FASTA/QUAL format (skbio.io.format.fasta
)#
The FASTA file format (fasta
) stores biological (i.e., nucleotide or
protein) sequences in a simple plain text format that is both human-readable
and easy to parse. The file format was first introduced and used in the FASTA
software package [1]. Additional descriptions of the file format can be found
in [2] and [3].
An example of a FASTA-formatted file containing two DNA sequences:
>seq1 db-accession-149855
CGATGTCGATCGATCGATCGATCAG
>seq2 db-accession-34989
CATCGATCGATCGATGCATGCATGCATG
The QUAL file format is an additional format related to FASTA. A FASTA file is sometimes accompanied by a QUAL file, particuarly when the FASTA file contains sequences generated on a high-throughput sequencing instrument. QUAL files store a Phred quality score (nonnegative integer) for each base in a sequence stored in FASTA format (see [4] for more details). scikit-bio supports reading and writing FASTA (and optionally QUAL) file formats.
Format Support#
Has Sniffer: Yes
Reader |
Writer |
Object Class |
---|---|---|
Yes |
Yes |
generator of |
Yes |
Yes |
|
Yes |
Yes |
|
Yes |
Yes |
|
Yes |
Yes |
|
Yes |
Yes |
Note
All readers and writers support an optional QUAL file via the
qual
parameter. If one is provided, quality scores will be read/written
in addition to FASTA sequence data.
Format Specification#
The following sections define the FASTA and QUAL file formats in detail.
FASTA Format#
A FASTA file contains one or more biological sequences. The sequences are stored sequentially, with a record for each sequence (also referred to as a FASTA record). Each record consists of a single-line header (sometimes referred to as a defline, label, description, or comment) followed by the sequence data, optionally split over multiple lines.
Note
Blank or whitespace-only lines are only allowed at the beginning of the file, between FASTA records, or at the end of the file. A blank or whitespace-only line after the header line, within the sequence (for FASTA files), or within quality scores (for QUAL files) will raise an error.

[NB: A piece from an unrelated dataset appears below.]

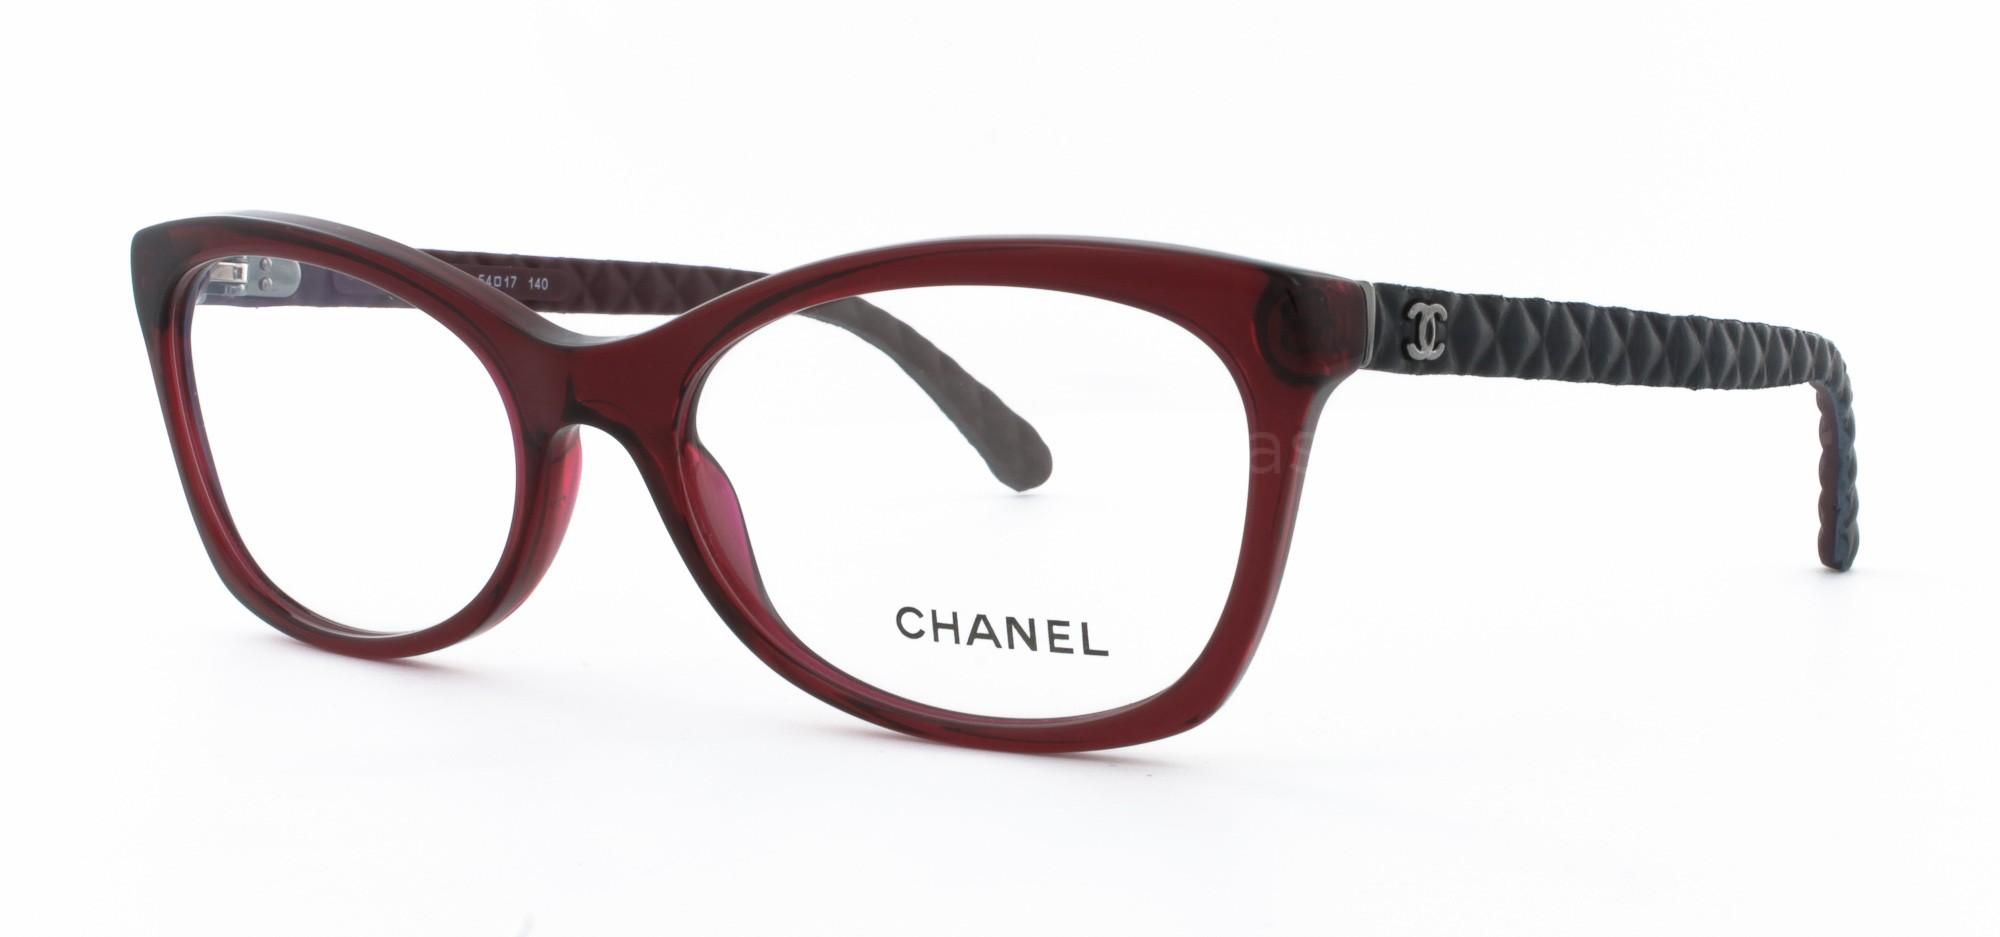 Eyeglasses Frame Chanel : Chanel 3287Q Eyeglasses

scikit-bio will ignore leading and trailing whitespace characters on each line while reading.
Note
scikit-bio does not currently support legacy FASTA format (i.e., headers/comments denoted with a semicolon). The format supported by scikit-bio (described below in detail) most closely resembles the description given in NCBI’s BLAST documentation [3]. See [2] for more details on legacy FASTA format. If you would like legacy FASTA format support added to scikit-bio, please consider submitting a feature request on the scikit-bio issue tracker (pull requests are also welcome!).
Sequence Header#
Each sequence header consists of a single line beginning with a greater-than
(>
) symbol. Immediately following this is a sequence identifier (ID) and
description separated by one or more whitespace characters.
Note
When reading a FASTA-formatted file, the sequence ID and description
are stored in the sequence metadata attribute, under the ‘id’ and
‘description’ keys, repectively. Both are optional. Each will be
represented as the empty string (''
) in metadata if it is not present
in the header.
When writing a FASTA-formatted file, sequence metadata identified by keys ‘id’ and ‘description’ will be converted to strings and written as the sequence identifier and description, respectively. Each will be written as the empty string if not present in sequence metadata.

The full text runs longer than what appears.